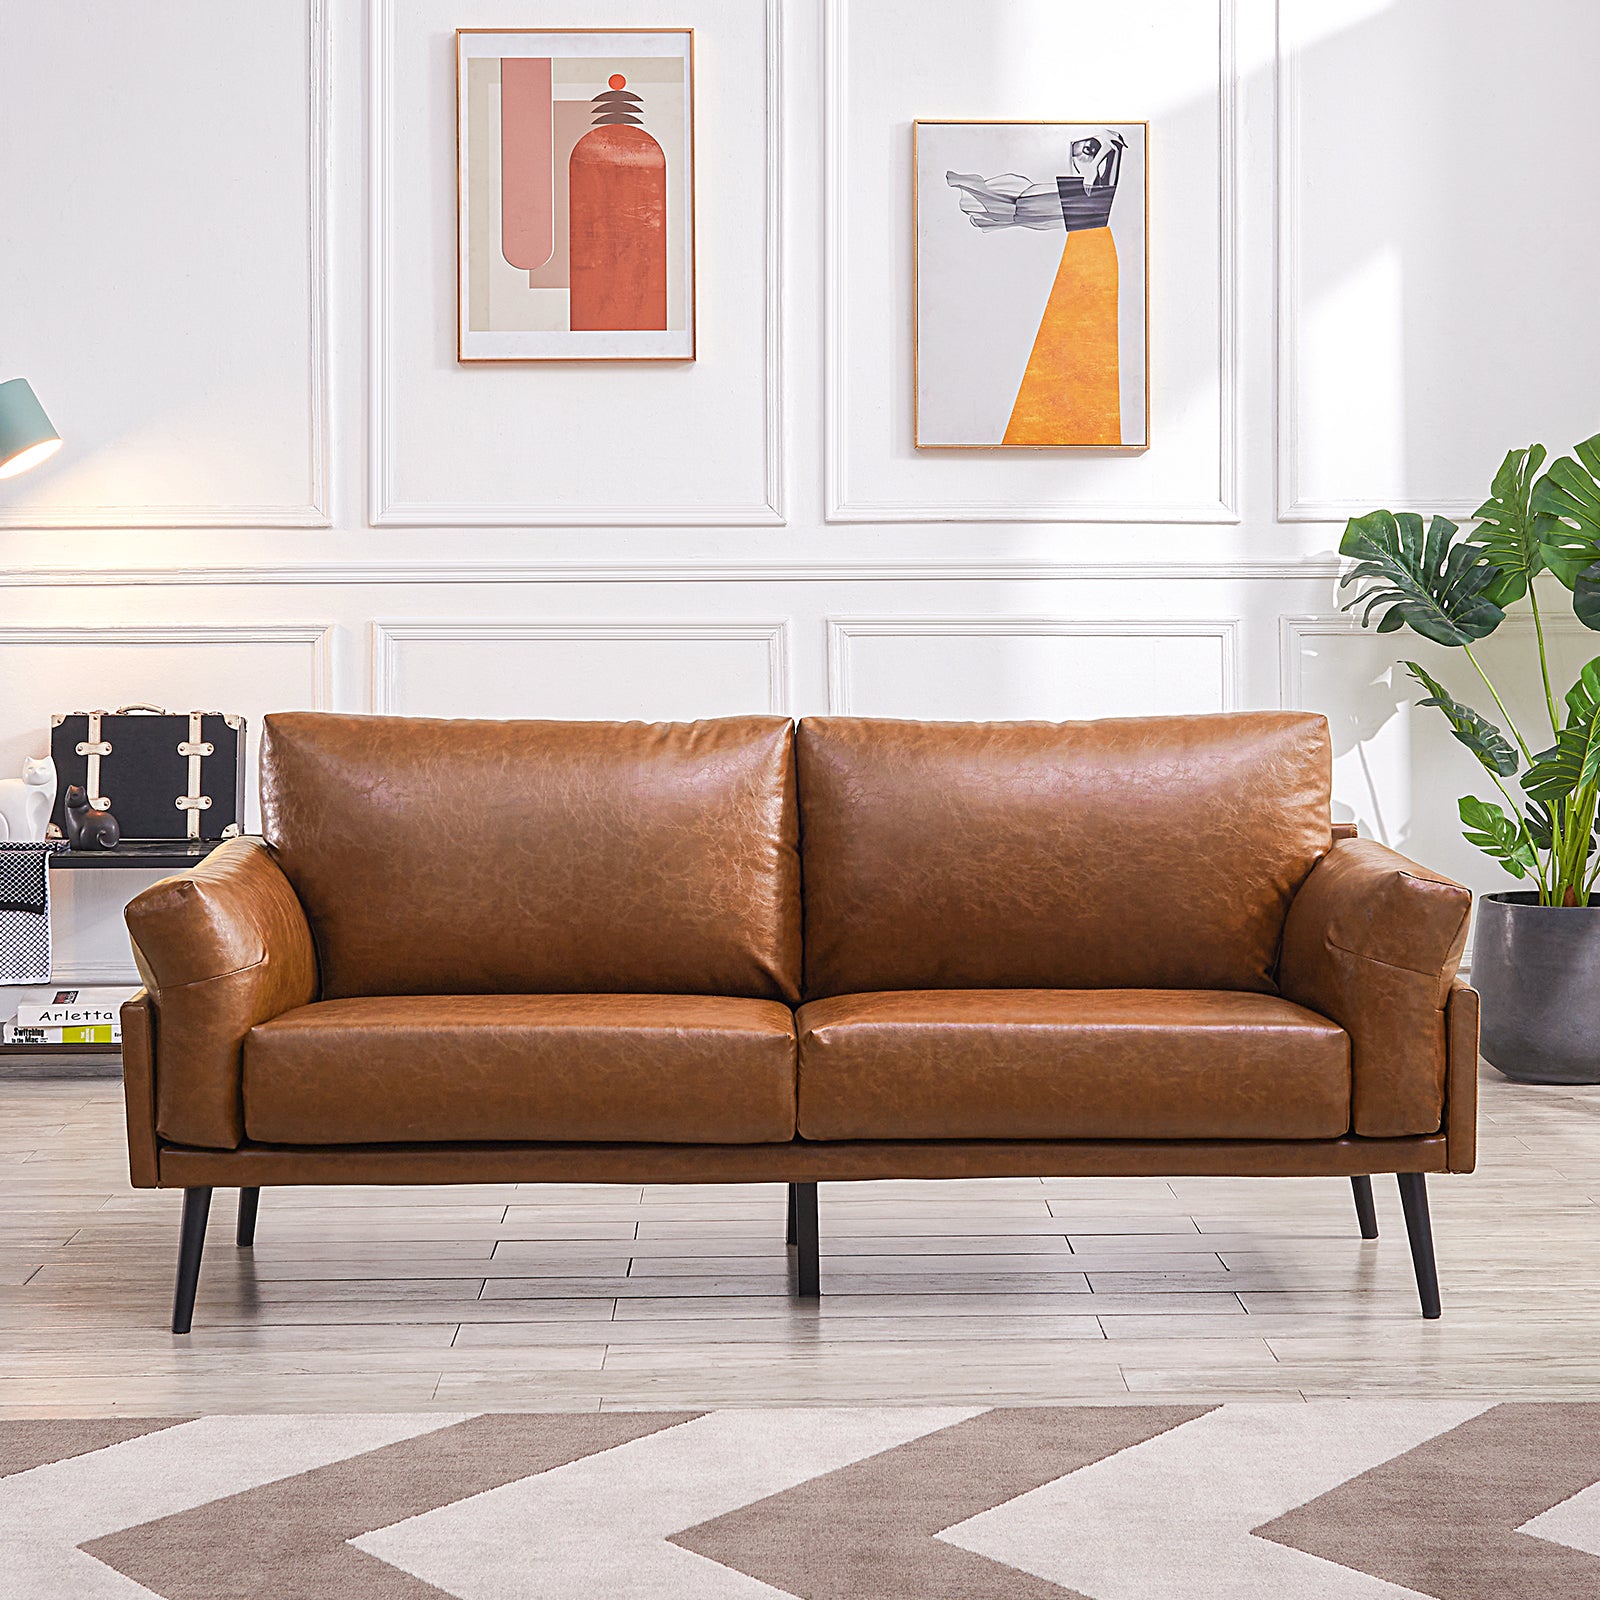 Flora Faux Leather Loveseat 3-Seater Modern Sofa Couch Caramel Color
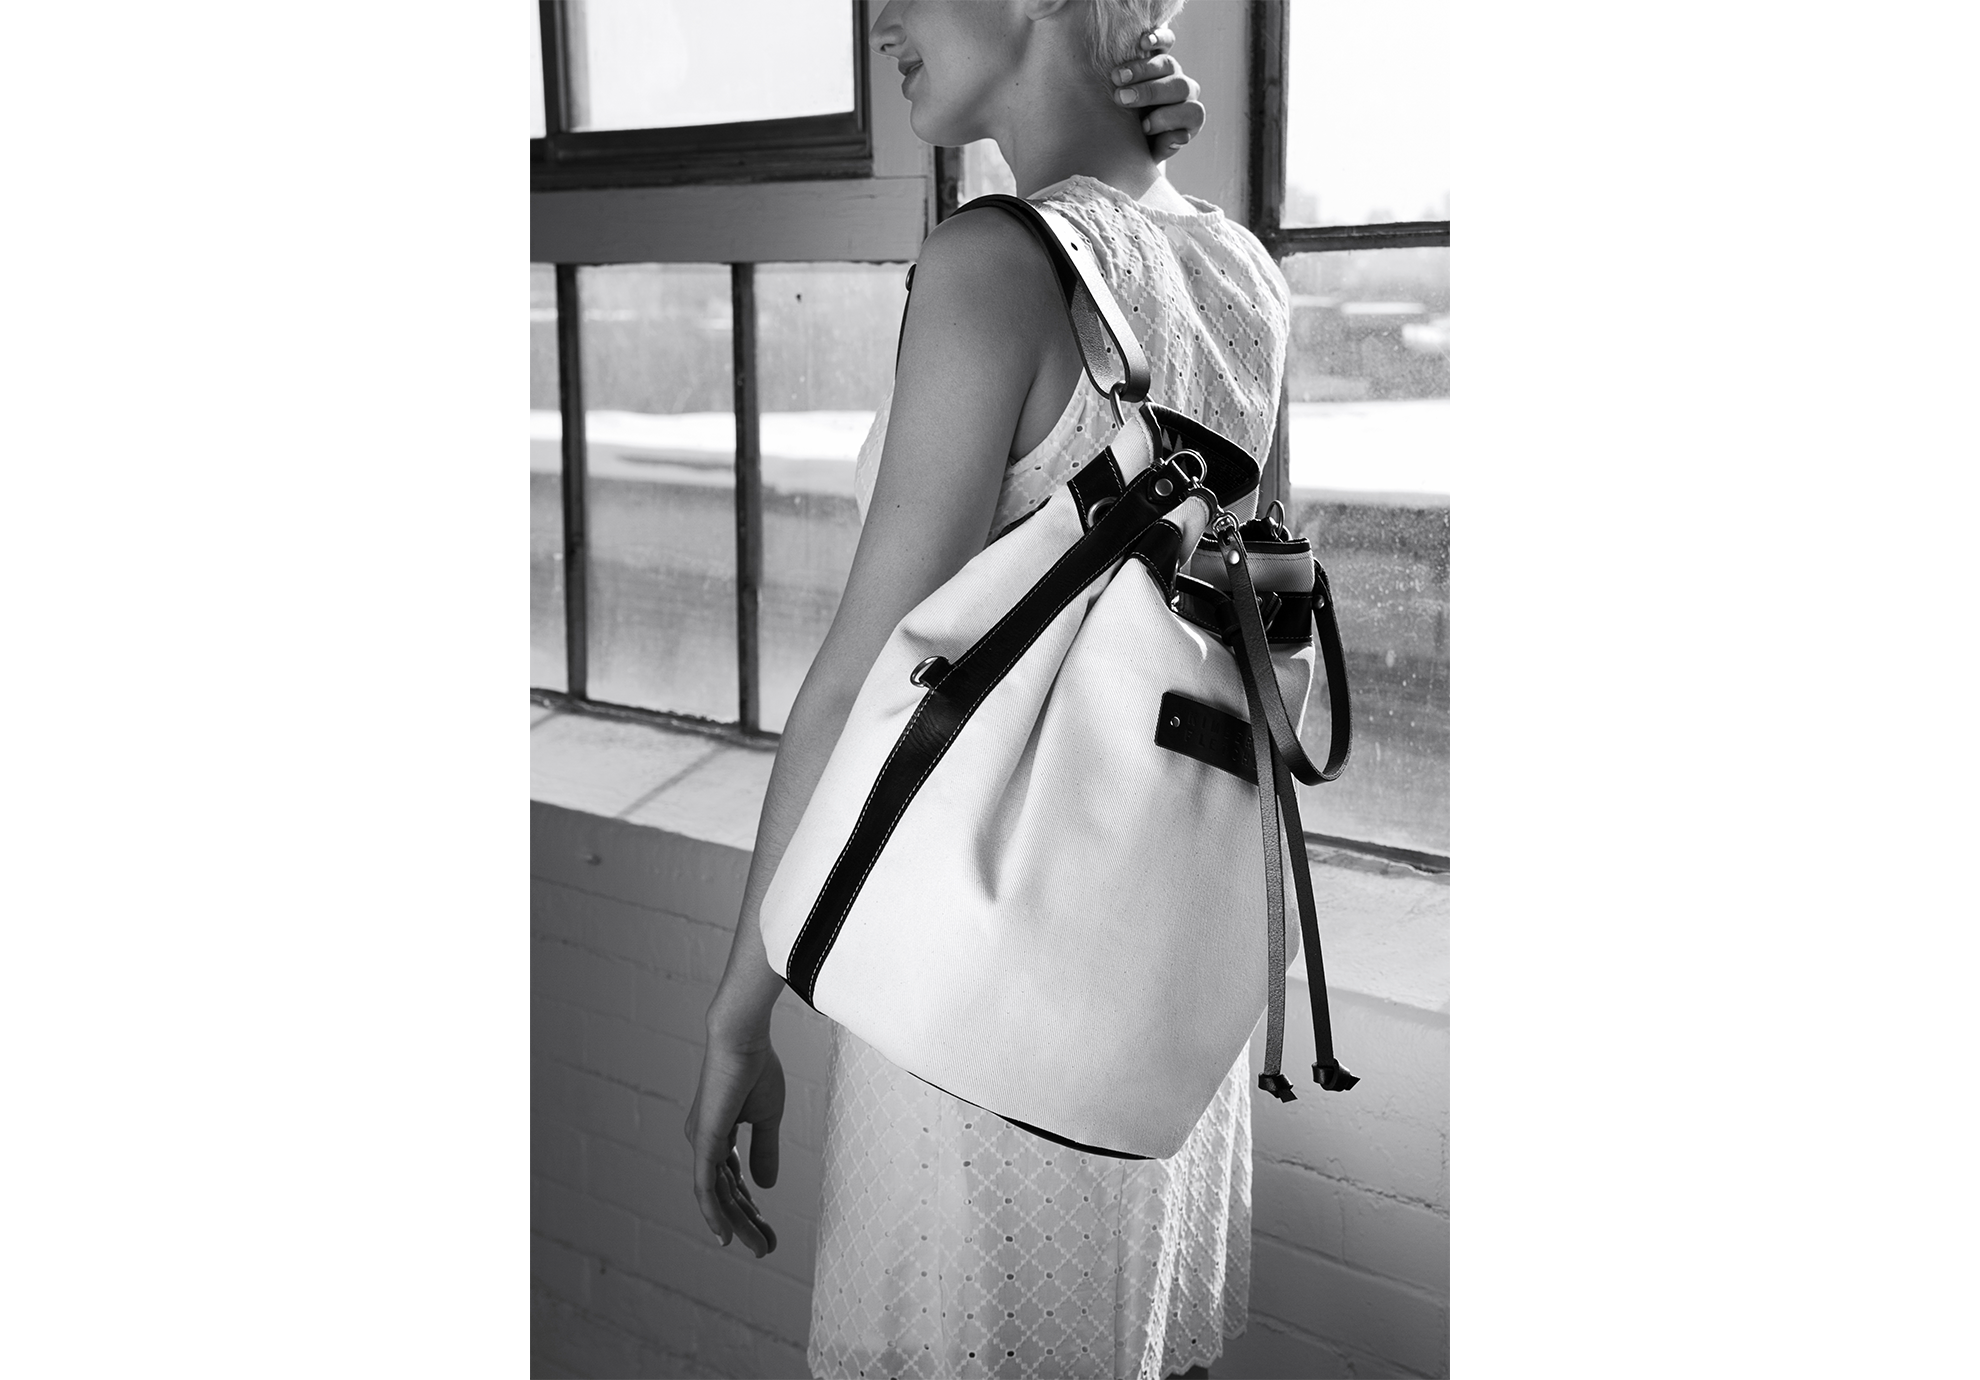 Betty Shoulder bag leather and canvas handmade in Canada made by hand in Montreal Designer handbags Kimberly Fletcher
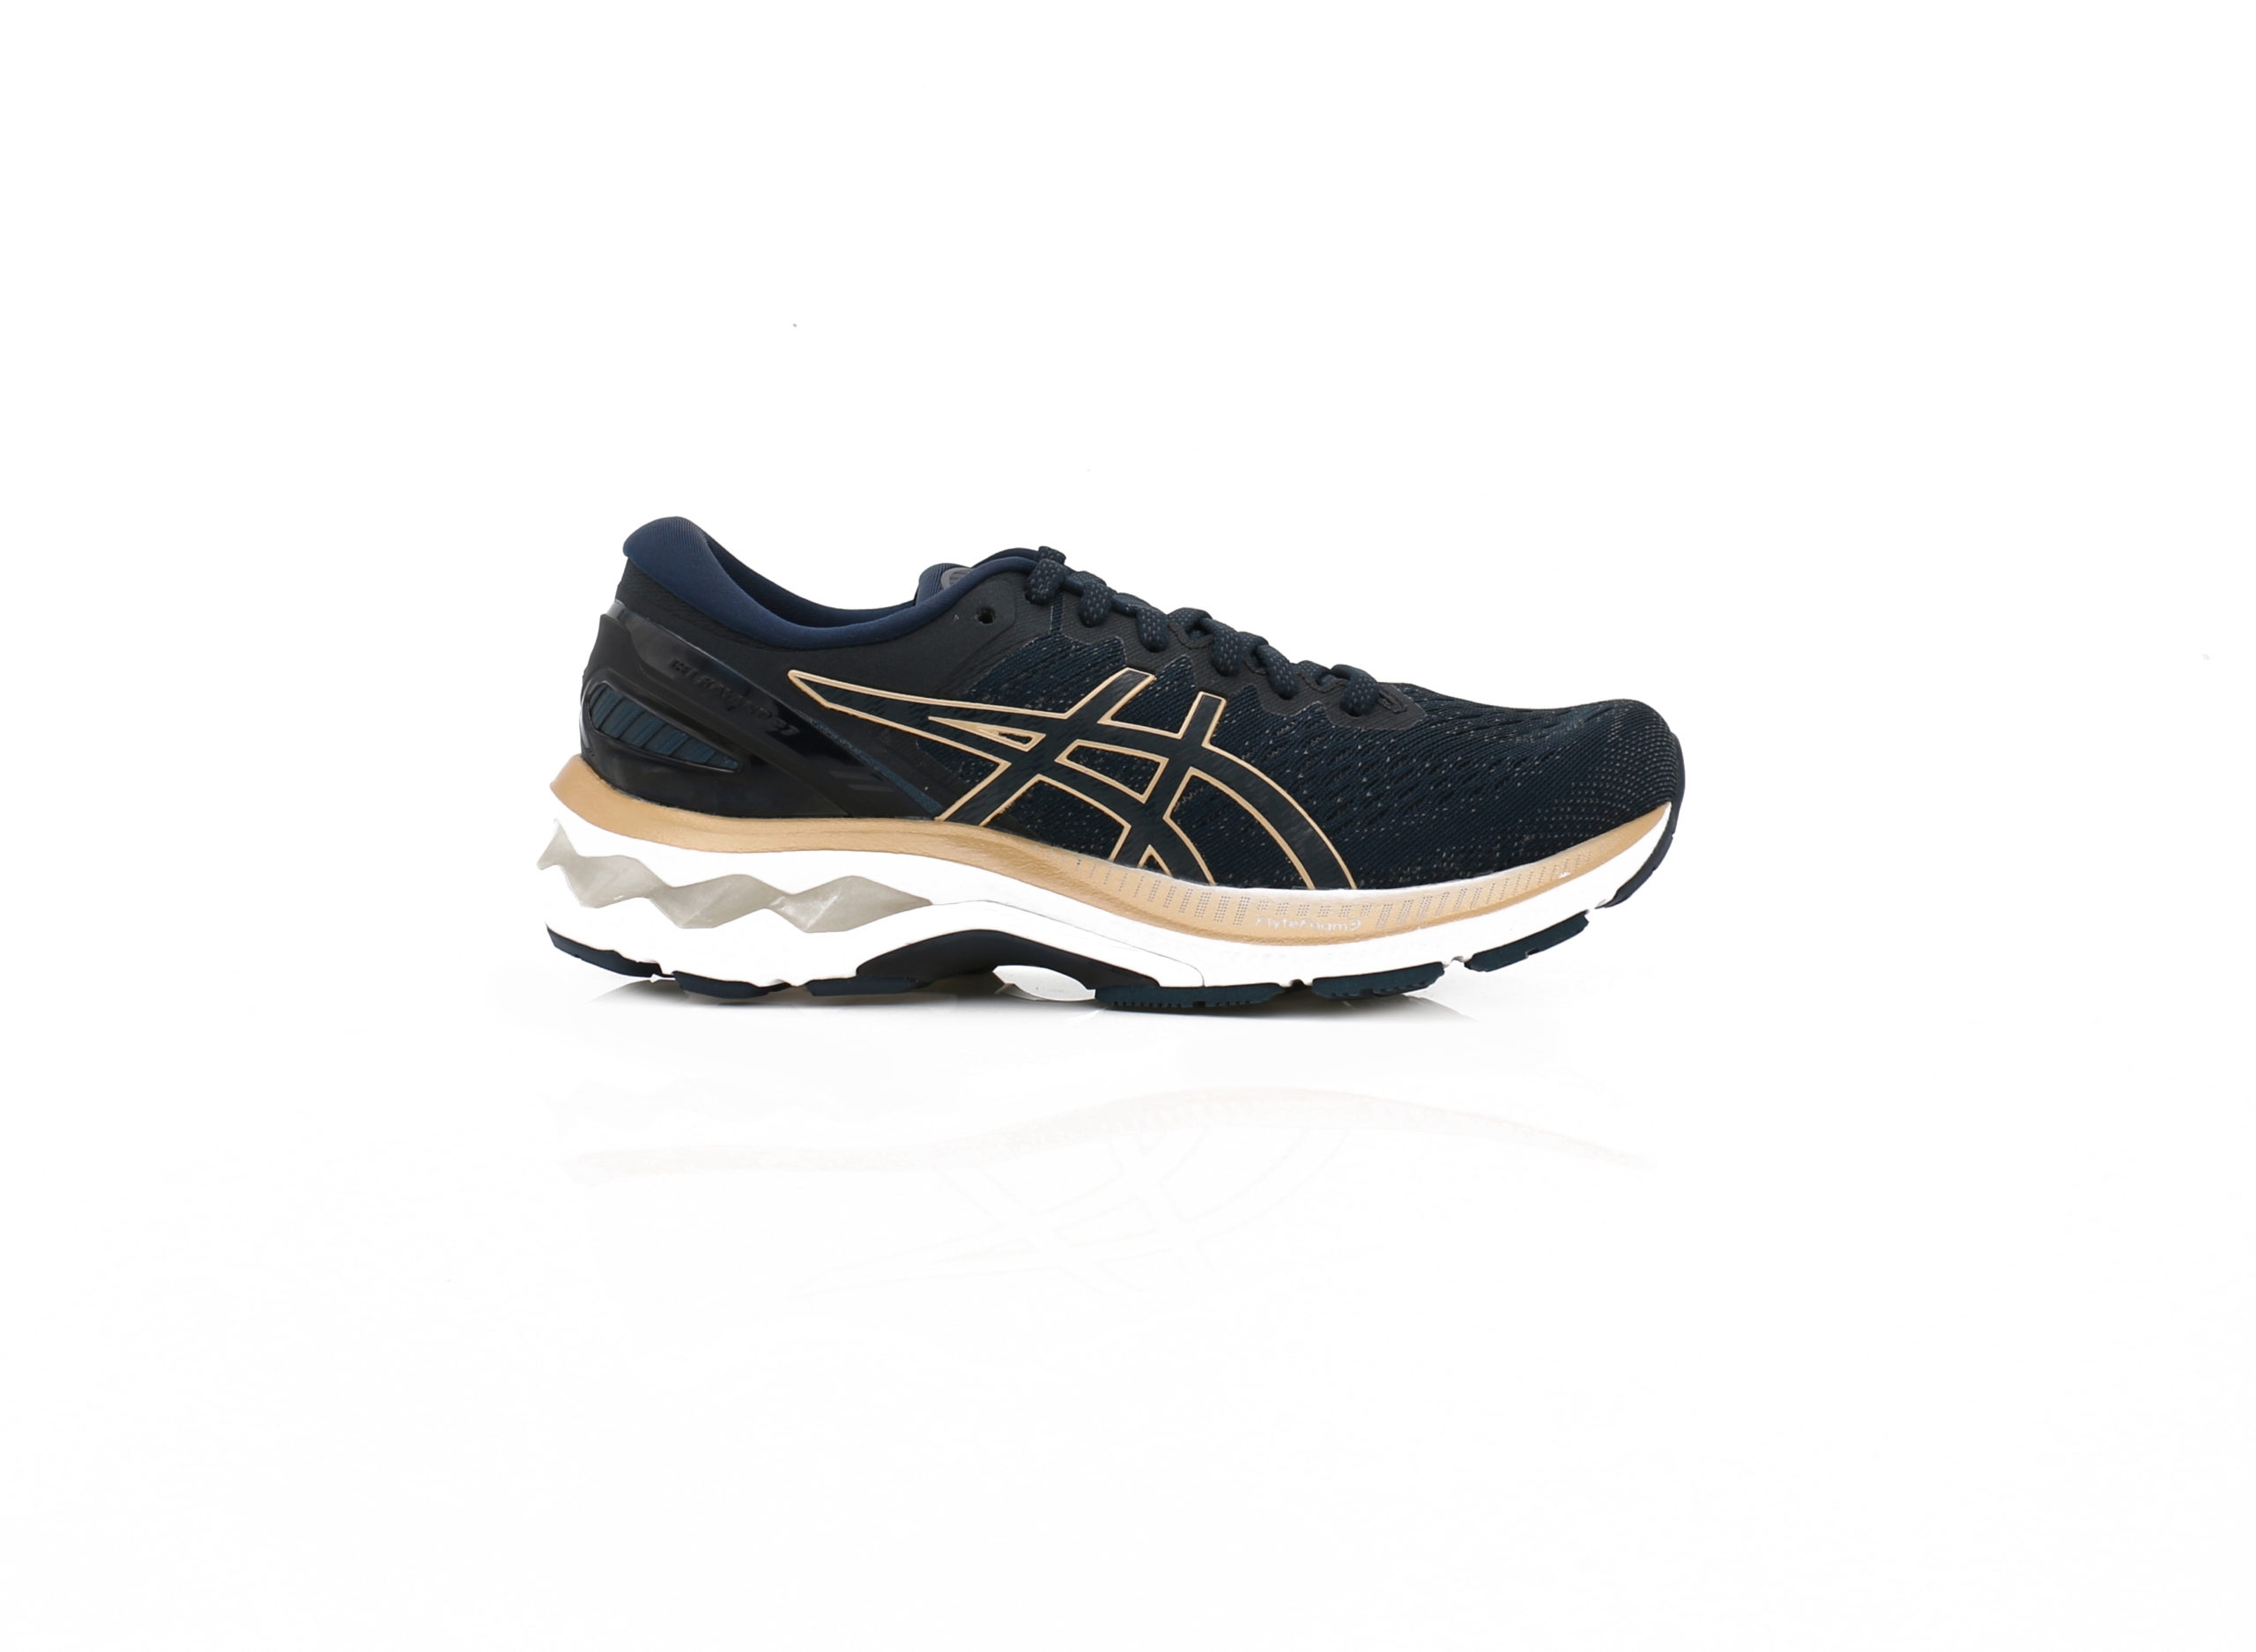 Womens Asics Gel Kayano 27 – Navy Running Trainers – Suitable For Achilles Pain / Collapsed Arches – Size 10 – Gold / Navy Blue – Synthetic Fabric
——————————
**What to work on**
Please reproduce the data above word for word, skipping all images.

**Result below**
 Flora Faux Leather Loveseat 3-Seater Modern Sofa Couch Caramel Color
 Betty Shoulder bag leather and canvas handmade in Canada made by hand in Montreal Designer handbags Kimberly Fletcher
 Womens Asics Gel Kayano 27 – Navy Running Trainers – Suitable For Achilles Pain / Collapsed Arches – Size 10 – Gold / Navy Blue – Synthetic Fabric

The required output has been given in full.